§ **Assignment**:
Please write out the full listing beneath this line exactly, skipping its images.

§ **Available data**:
----

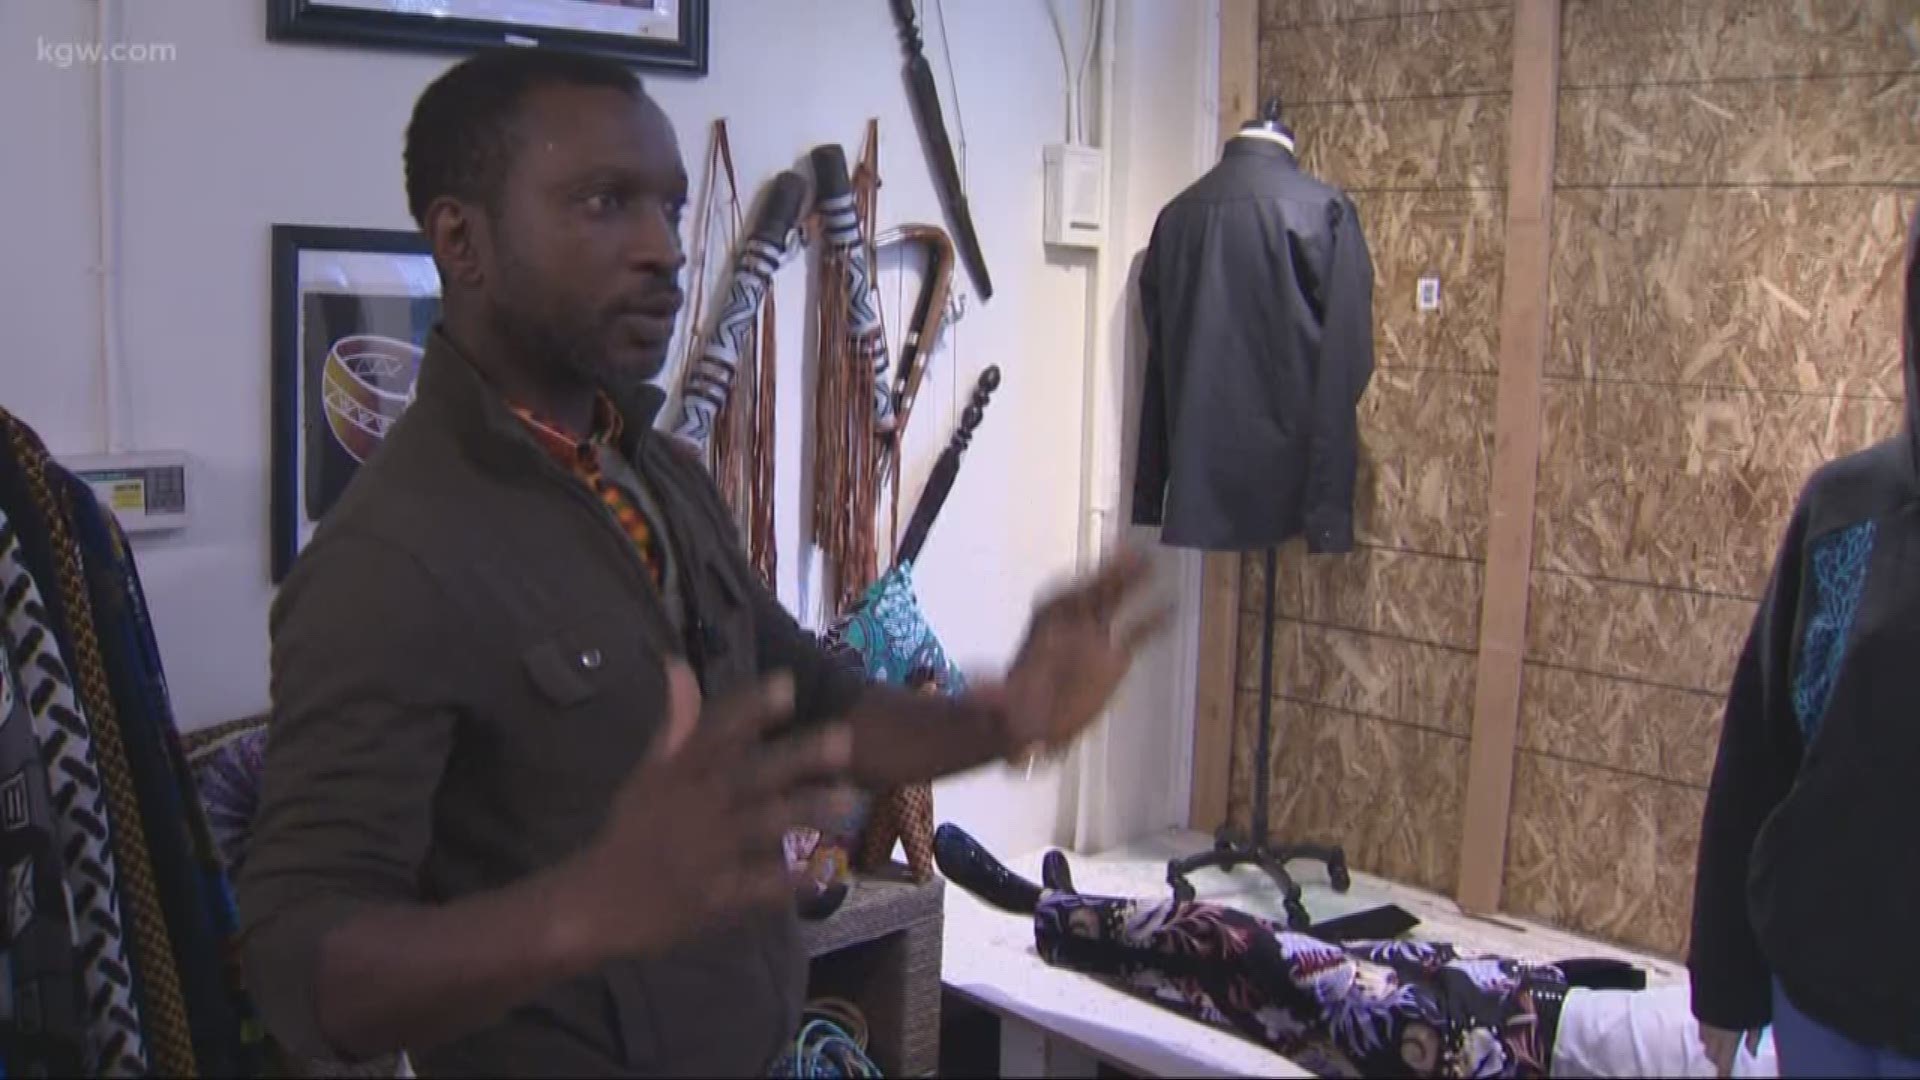 The African Art, decor, and fashion store on Southwest Harvey Milk Street was broken into Thursday morning.
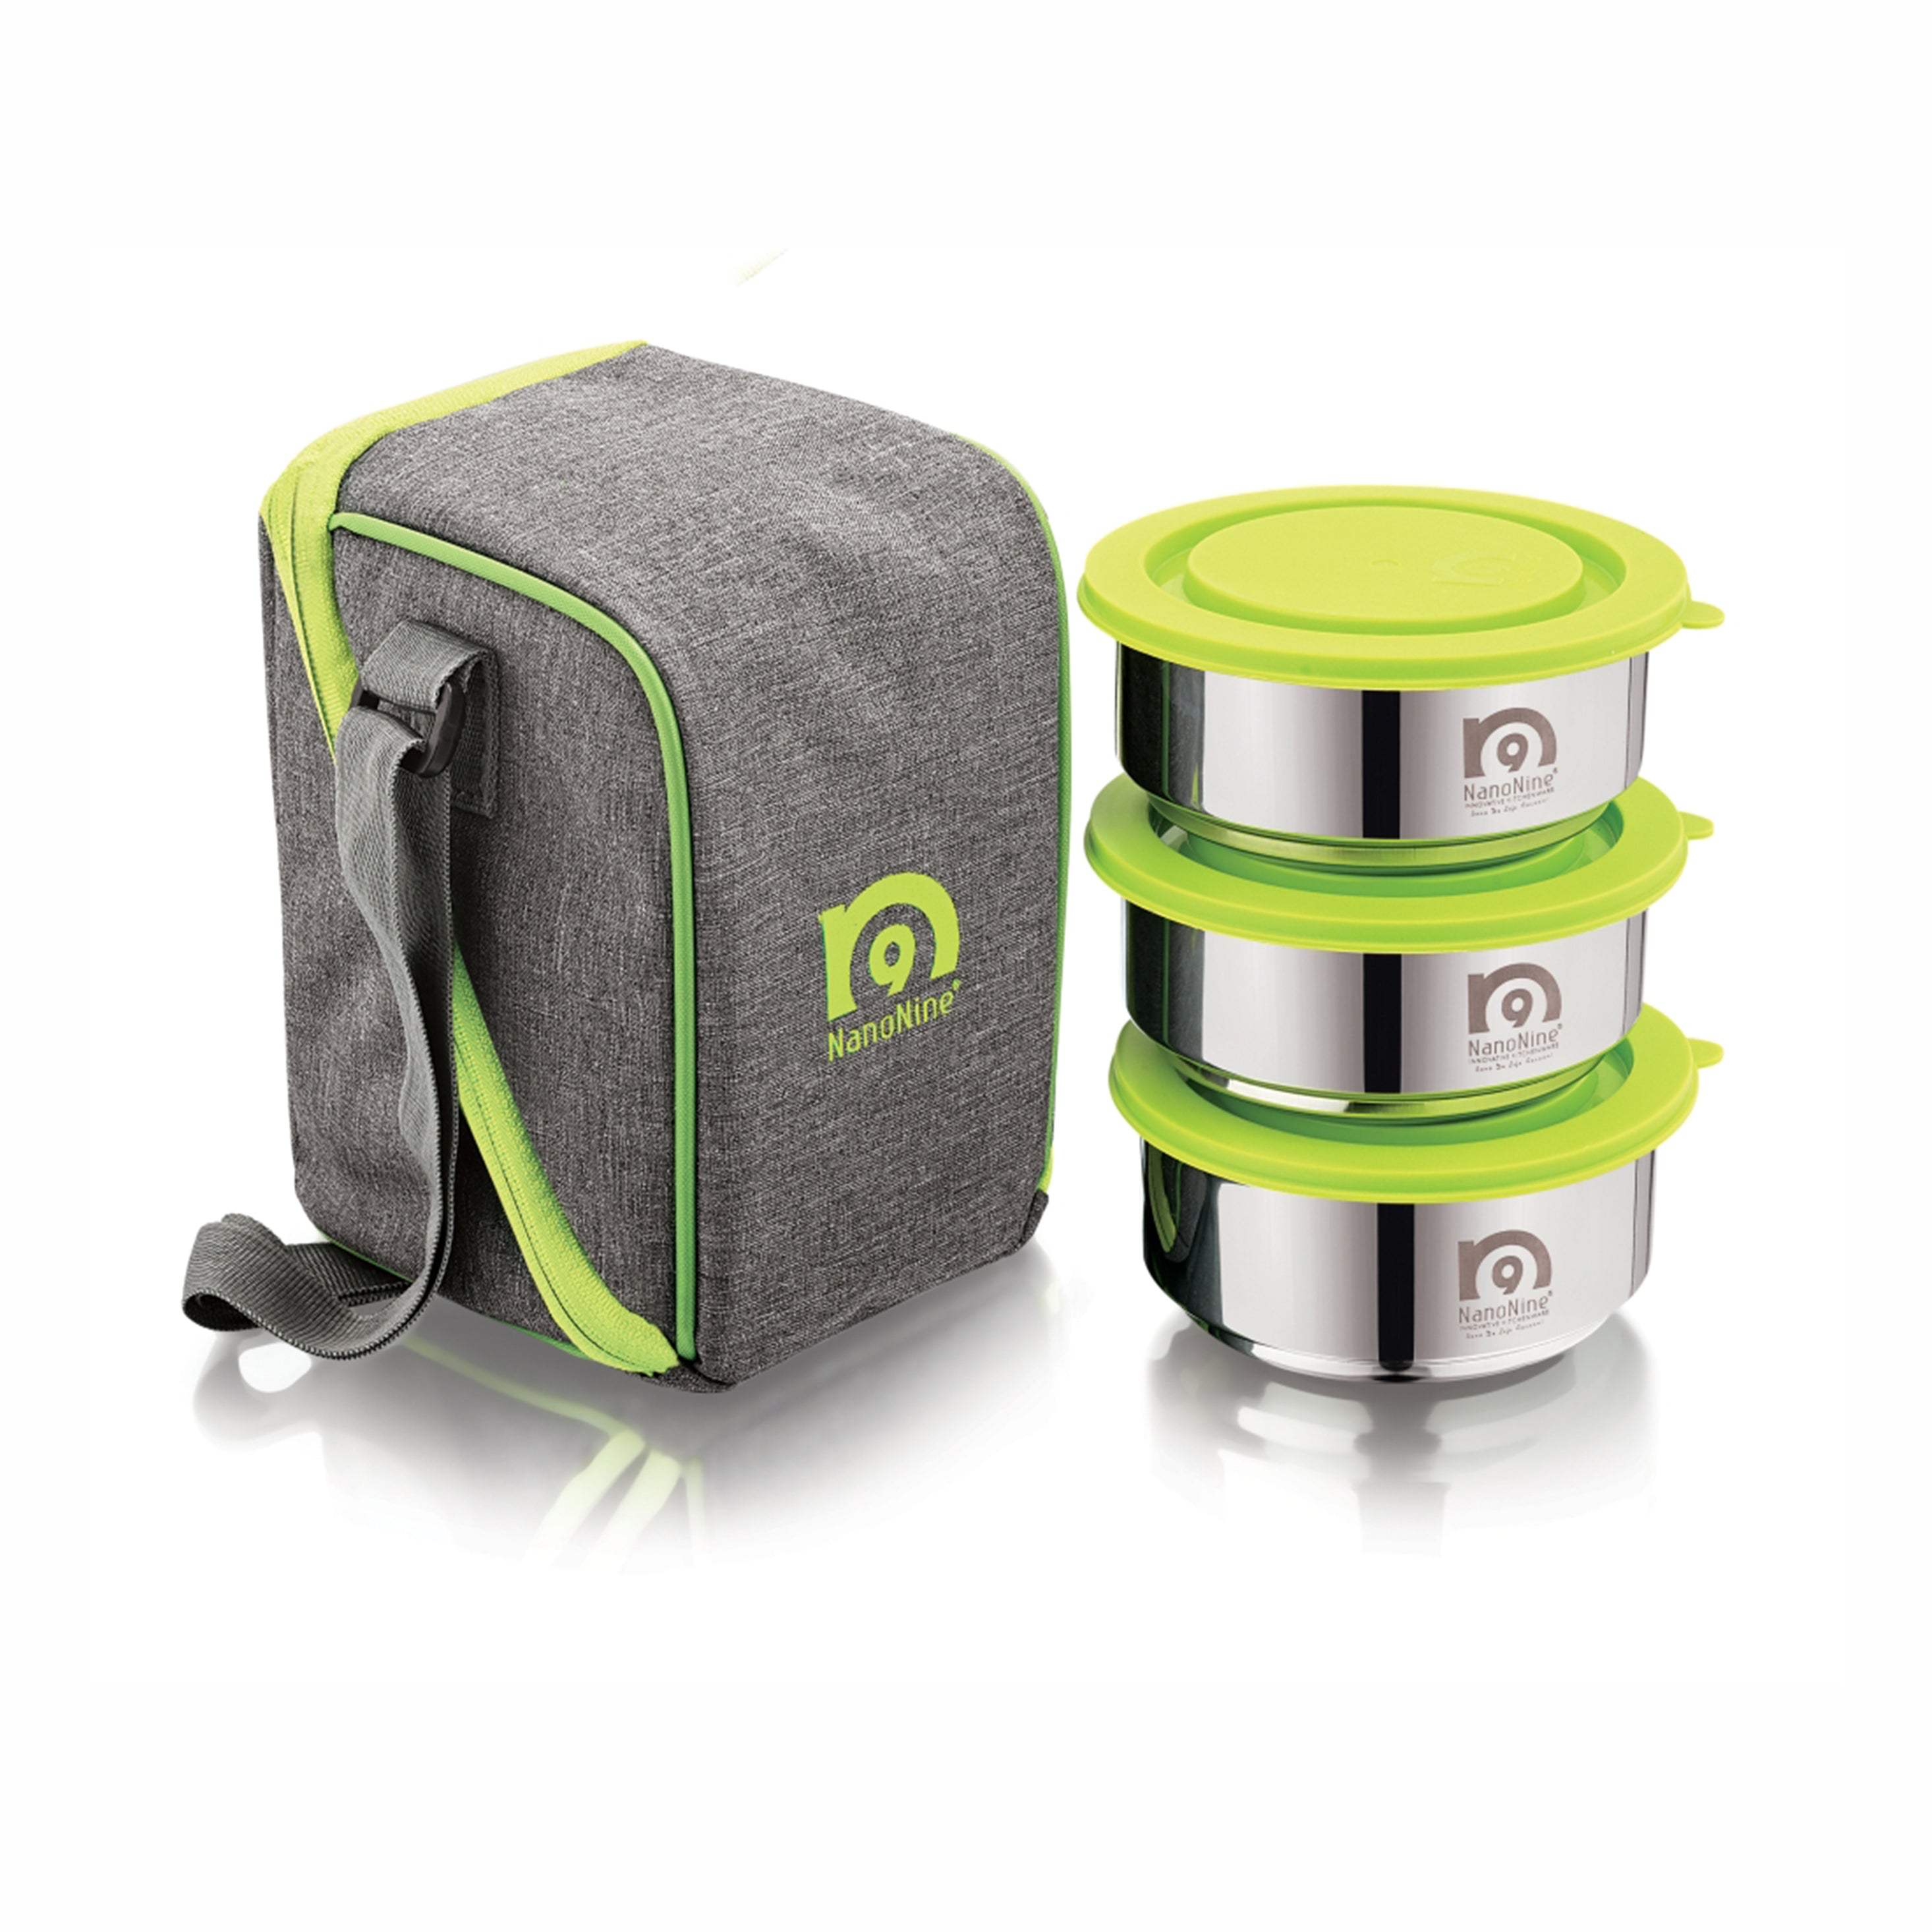 NanoNine Tiffiny Small Pro 375 ml X 3 Double Wall Insulated Stainless Steel Lunch Box.
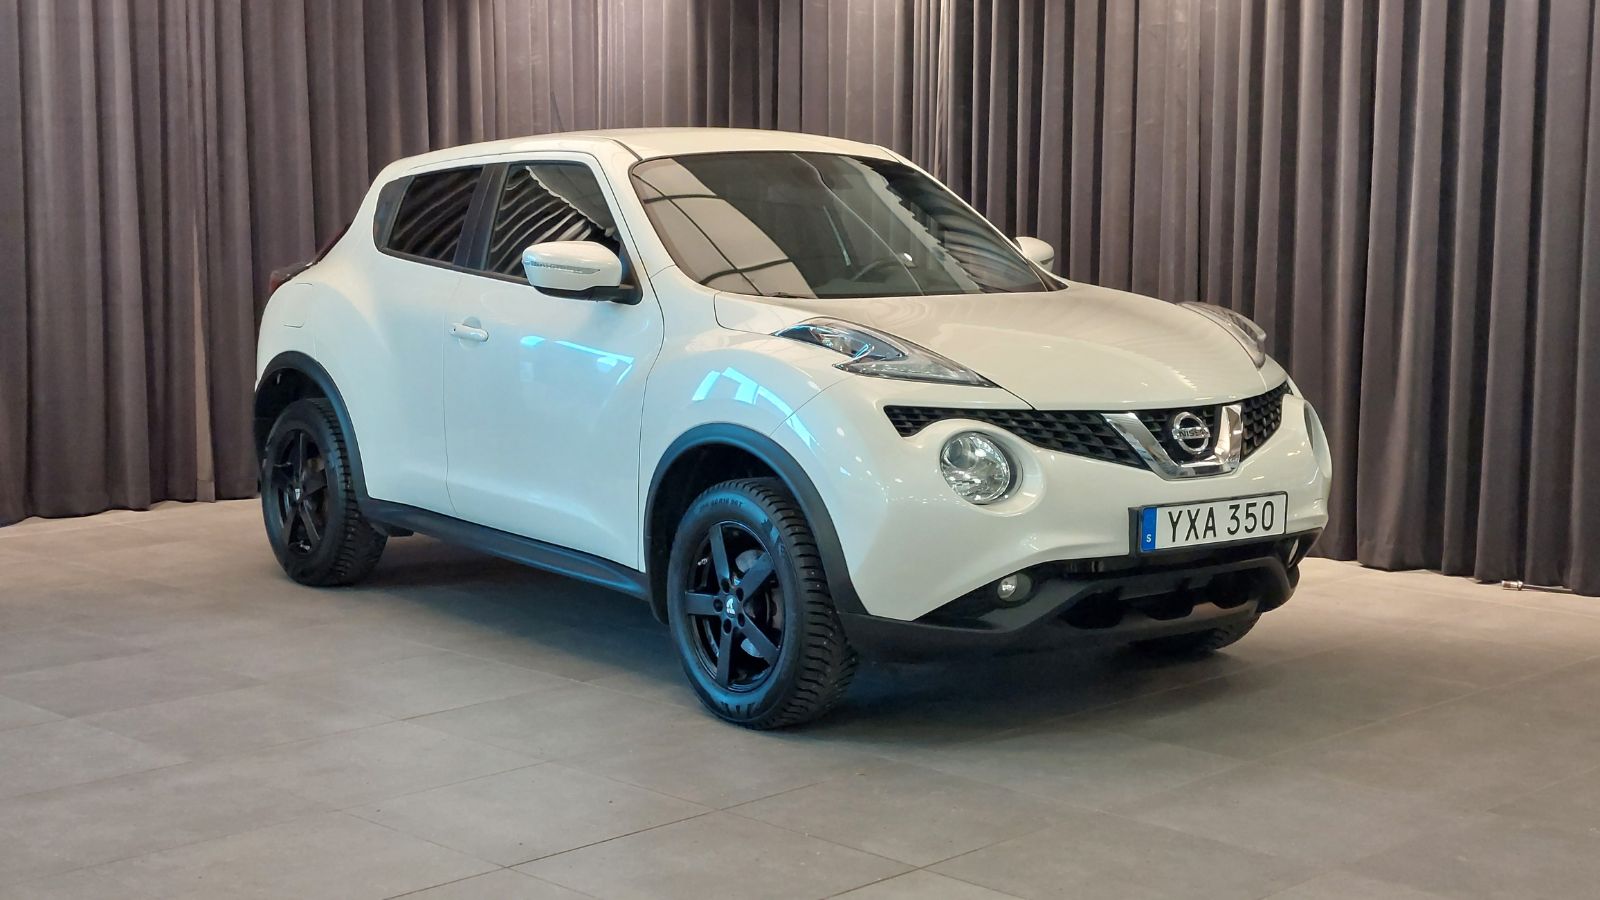 <p>The Nissan Juke is a quirky, stand-out mini SUV that’s affordable and widely available. However, its unconventional design results in limited rear seat space and compromised visibility, making parking dings and bumper dents a common feature of second-hand examples. They also have unreliable transmissions, electrical faults, and glitchy infotainment systems.  </p>
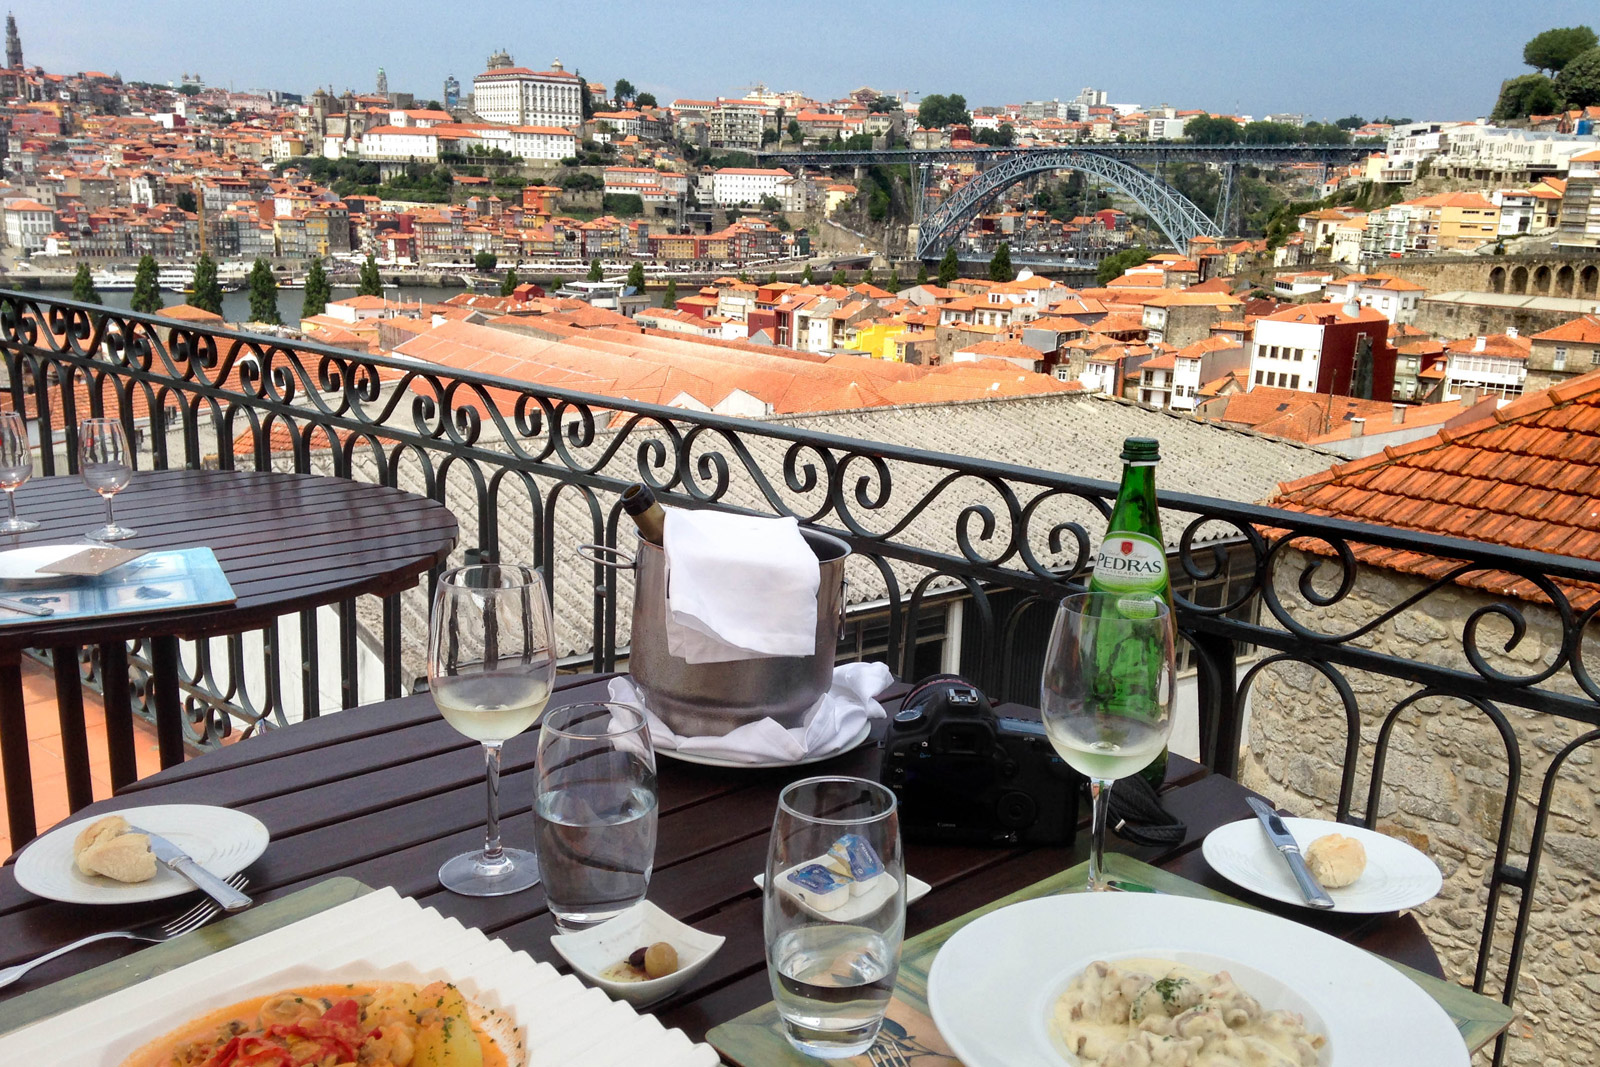 Lunch on a rooftop terrace overlooking Porto

----

§ **Your response**:
 The African Art, decor, and fashion store on Southwest Harvey Milk Street was broken into Thursday morning.
 NanoNine Tiffiny Small Pro 375 ml X 3 Double Wall Insulated Stainless Steel Lunch Box.
 <p>The Nissan Juke is a quirky, stand-out mini SUV that’s affordable and widely available. However, its unconventional design results in limited rear seat space and compromised visibility, making parking dings and bumper dents a common feature of second-hand examples. They also have unreliable transmissions, electrical faults, and glitchy infotainment systems.  </p>
 Lunch on a rooftop terrace overlooking Porto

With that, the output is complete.